The original version of this post ran in January 2016.
Everything now is extreme. Political candidates and political division, mass uprisings, climate crises, extreme police brutality cases, insensitivity to race and gender, people who believe in science like it’s religion and science deniers…it all spins the head!
Wealth disparity may be the biggest extreme of all. Indeed this one extreme case may drive all the rest as “the rest of us” end up with increasingly short ends of the economic bargain.
Some believe we’re not at the bottom. How much worse does it need to get? I don’t know. It sure looks bad now.
Until I think about the extreme things people are doing to make the world a better place. We share stories about these people on the Copiosis Social Group on Facebook. There are enough good things happening around the world to write a book about. If you’re looking for rays of hope, our social page is a good place to go. For example, we share stories like these:
- There are at least five other organizations we know about directly, organizations creating new versions of human society. But far more than five are active world-wide. So many in fact, it seems to me we should have solved our problems already. Take a look at this huge list.
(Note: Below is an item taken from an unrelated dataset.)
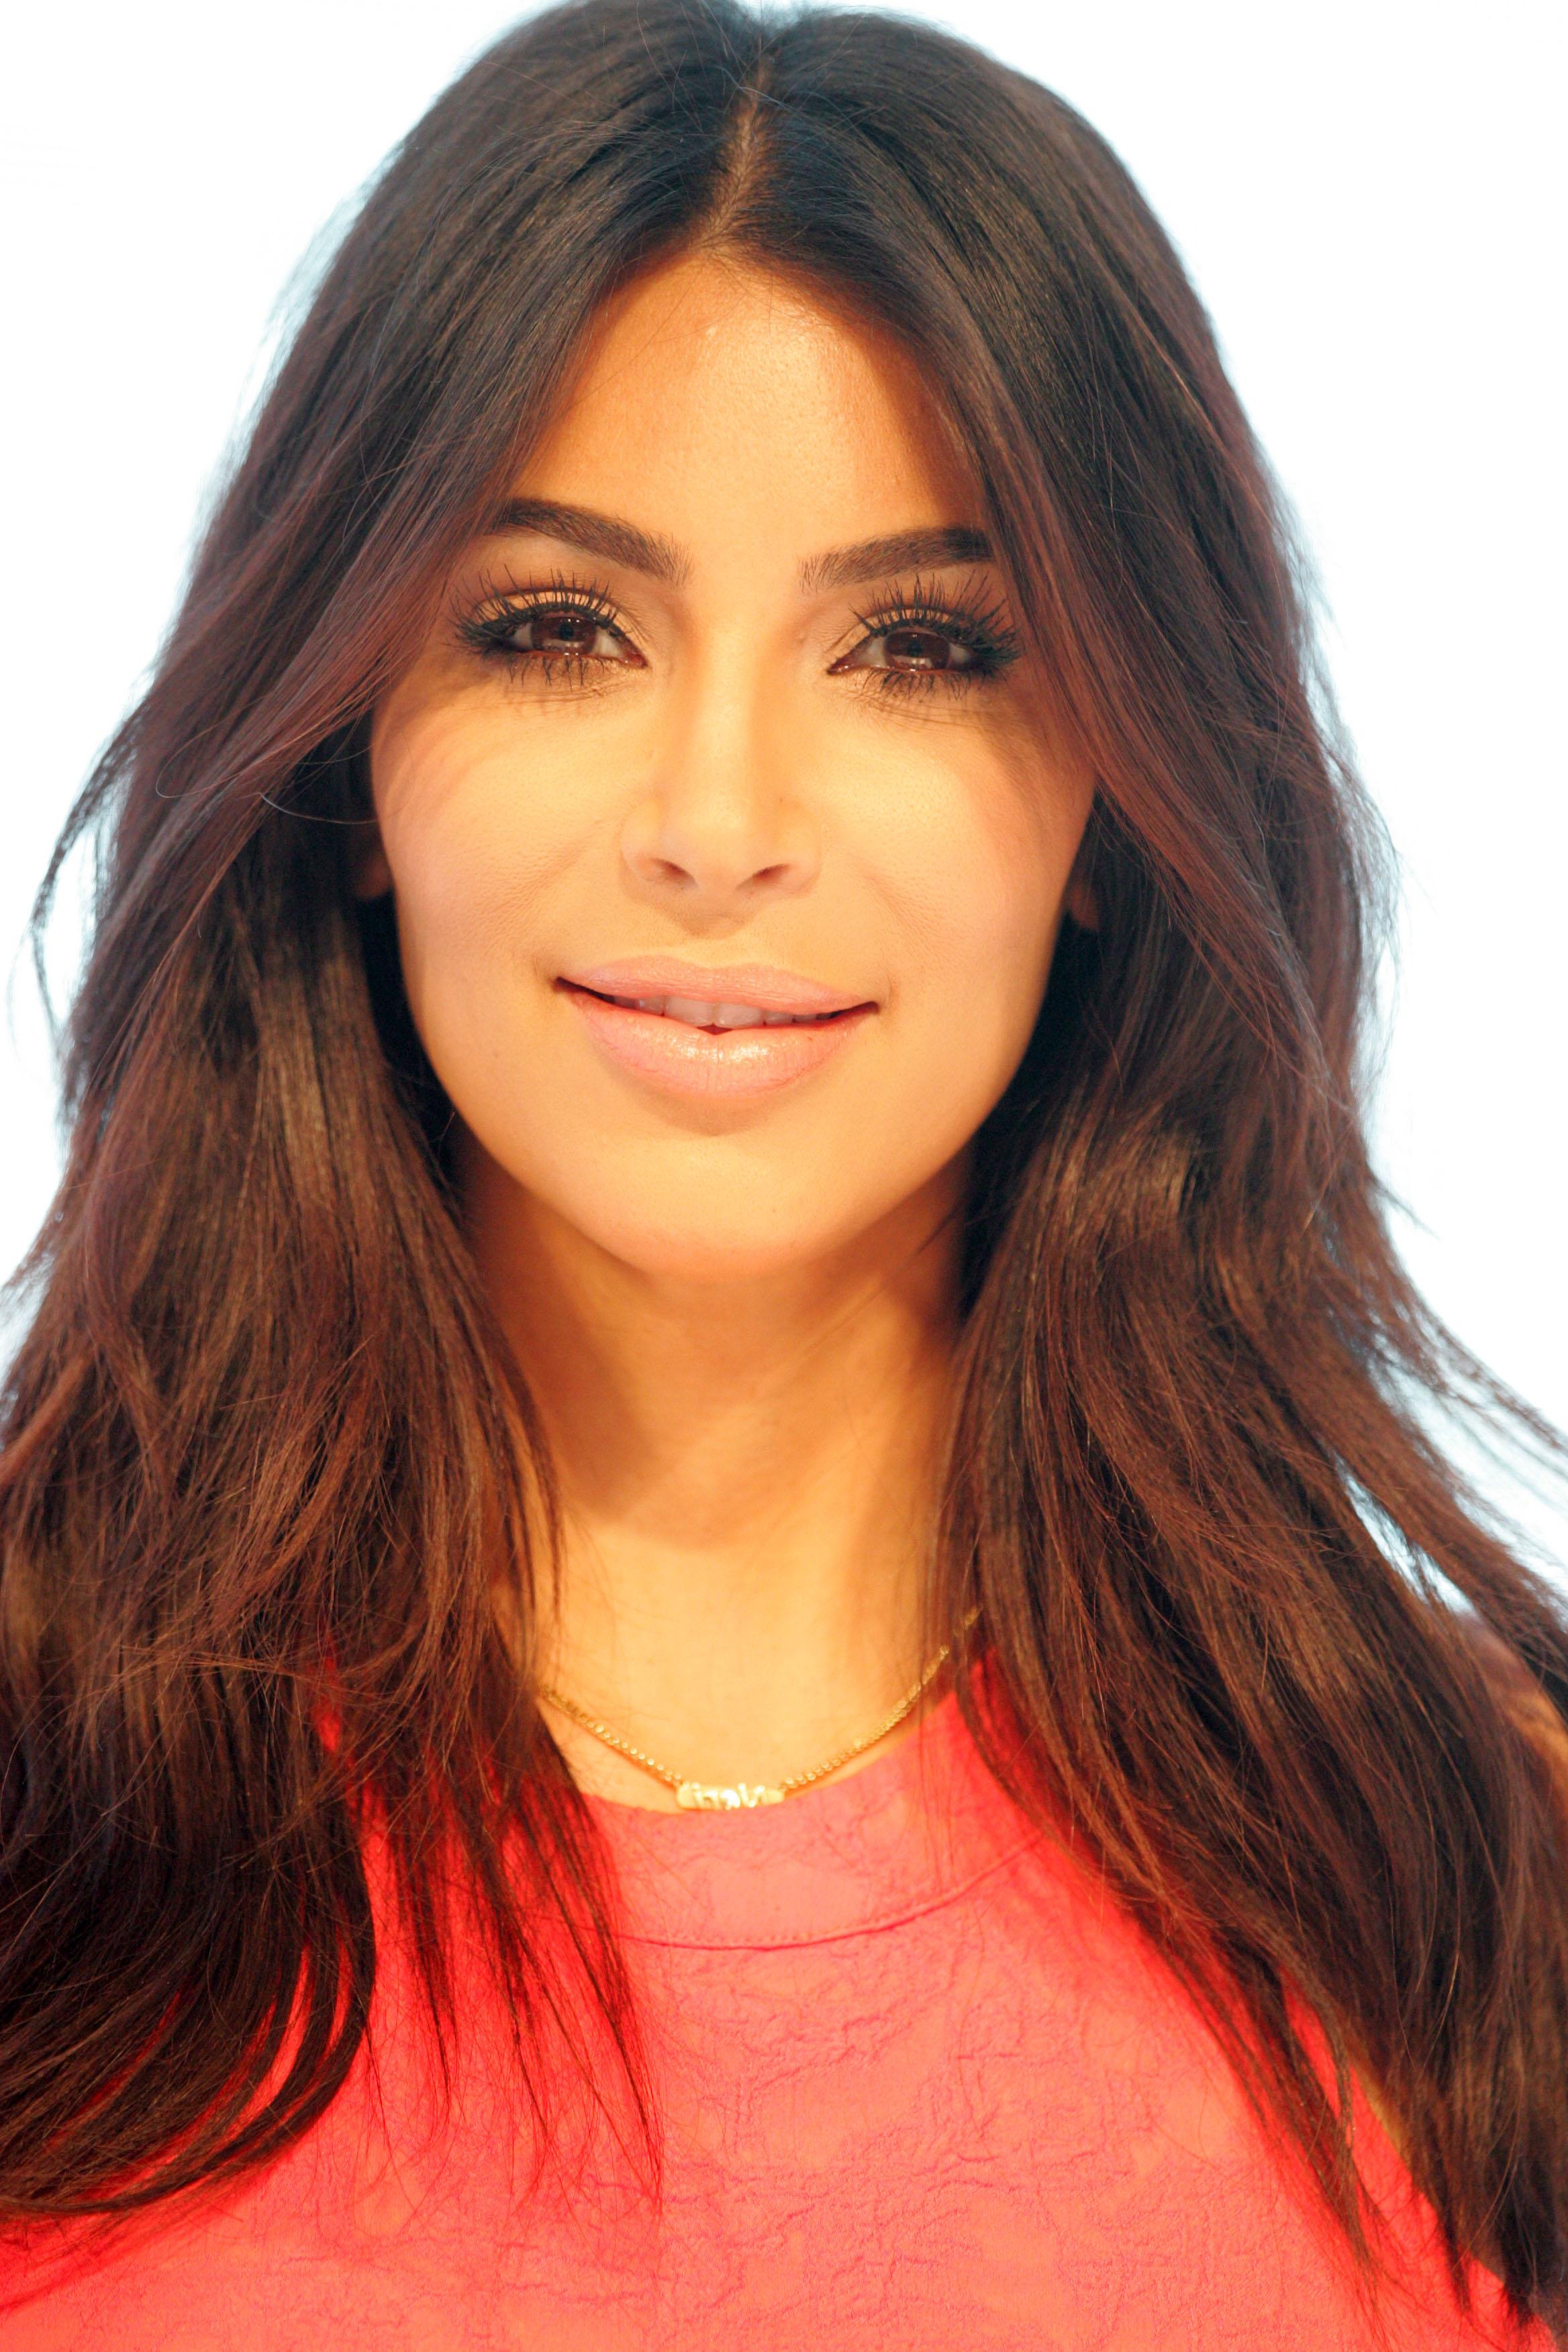 Kim Kardashian Wallpaper Iphone 2336x3504
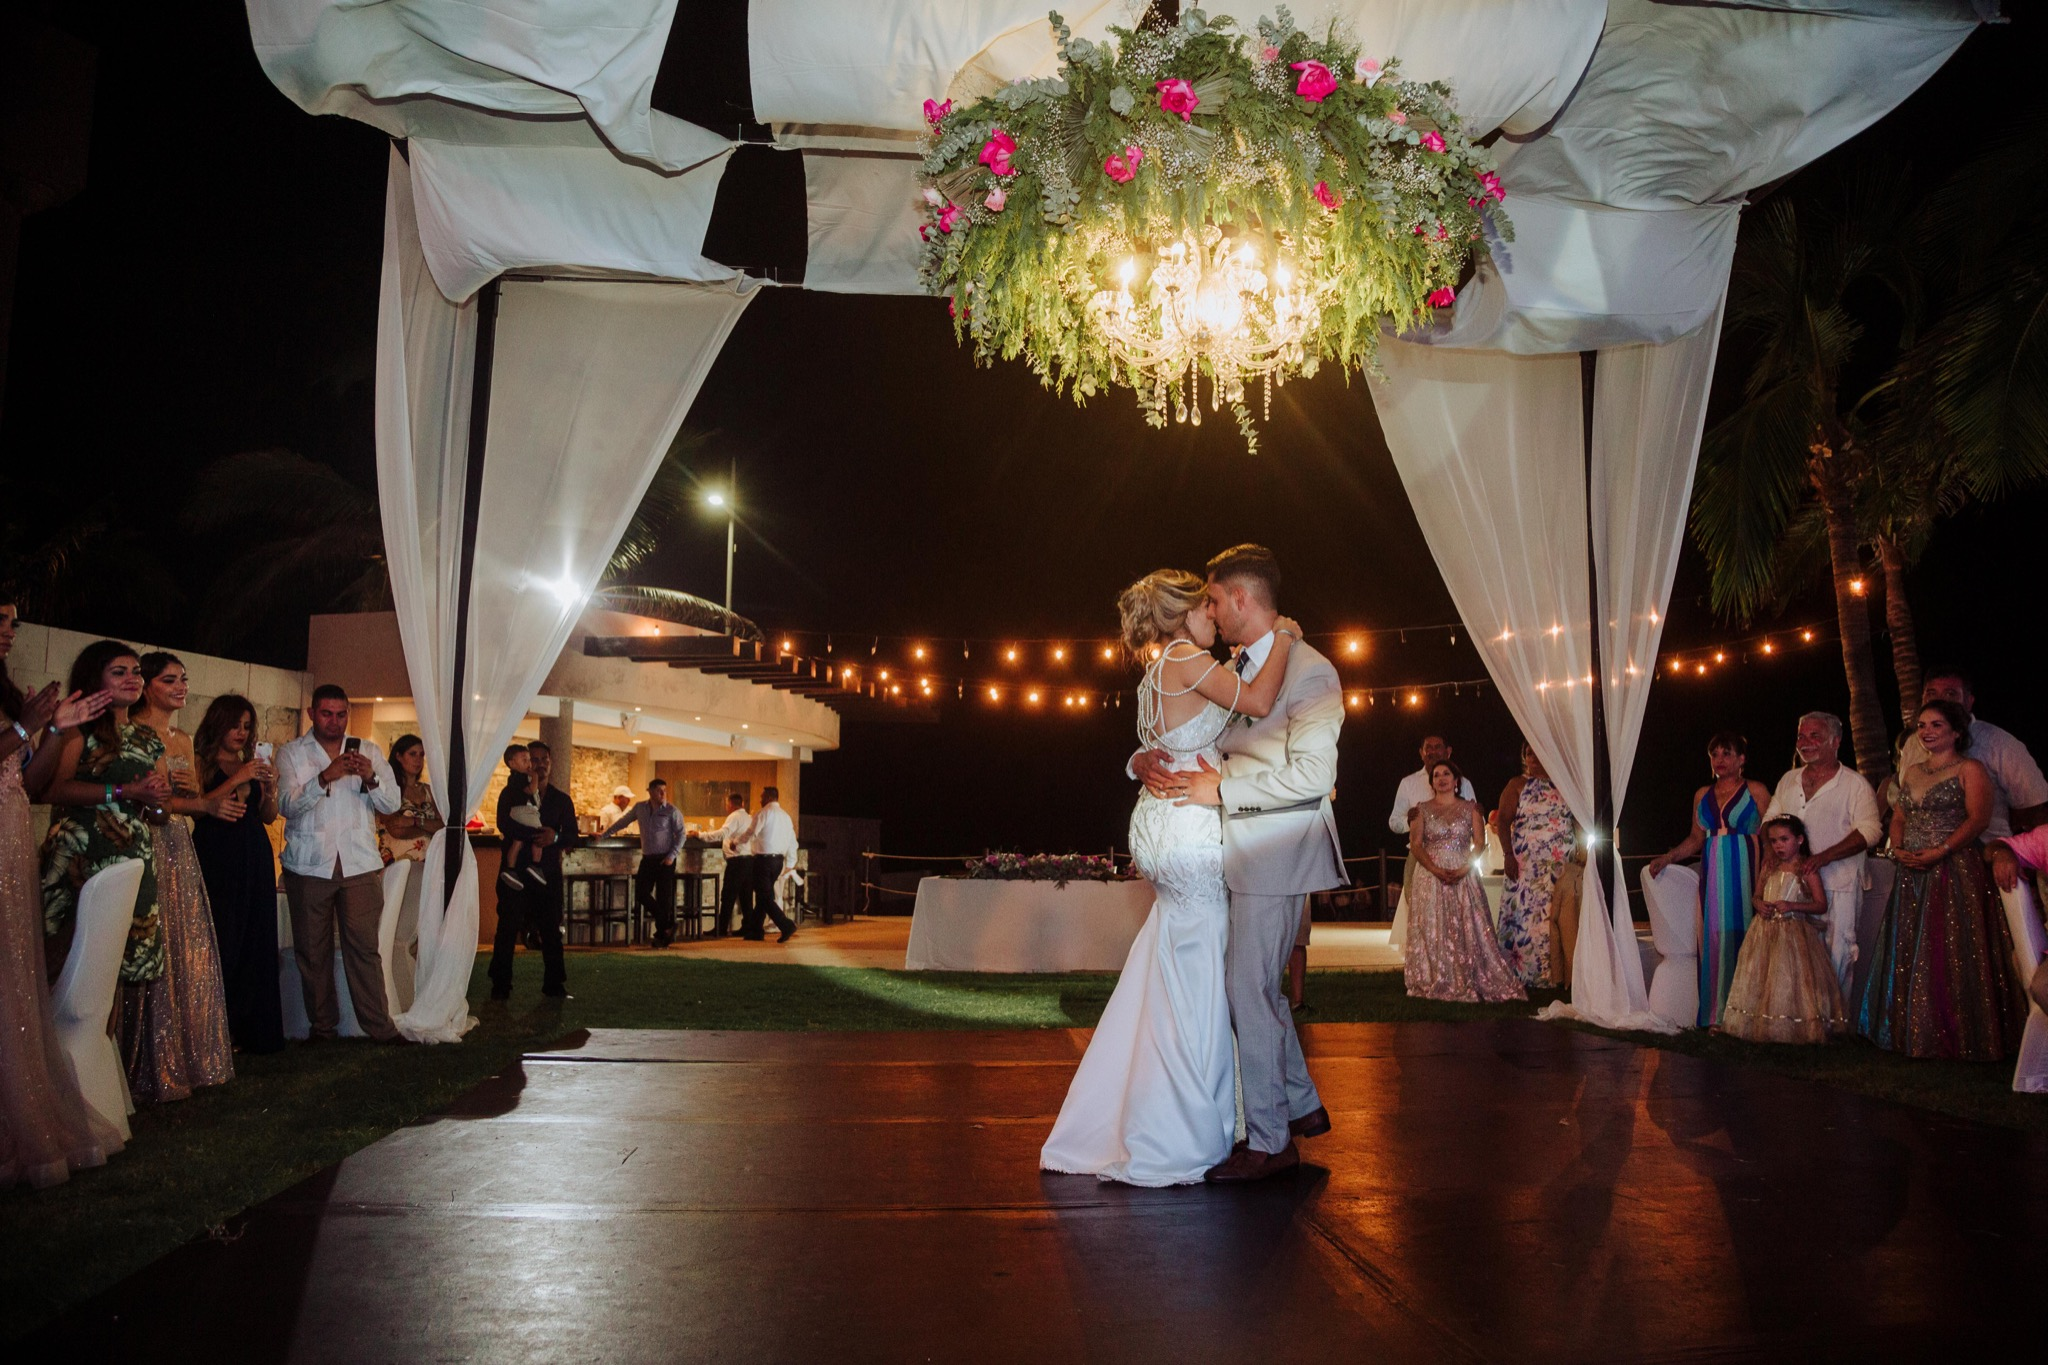 Javier_noriega_fotografo_bodas_profesional_zacatecas_mexico_mazatlan_sinaloa_photographer_weddings70

- How about this story of a veterinarian eating his lunch in a crate to comfort a scared dog named Graycie. Someone abandoned her. The vet is working to get her comfortable with people again so she will be adopted.
- There’s the story of 300 plumbers voluntarily installing water filters in Flint, for free. They installed water filters and new faucets in 1,100 homes in a single day. An international union and a trade group representing plumbing manufacturers donated the money, faucets and supplies to make it happen.
There are so many of these stories shared on our social page, I’m somewhat chagrined that we haven’t launched our NBR award accounts for such acts yet. One thing at a time. There is only so much volunteer organizations can do. But we’ll get to it.
It’s nice to know that even in a time of extremes, there are small, not-so-random acts of kindness still going on.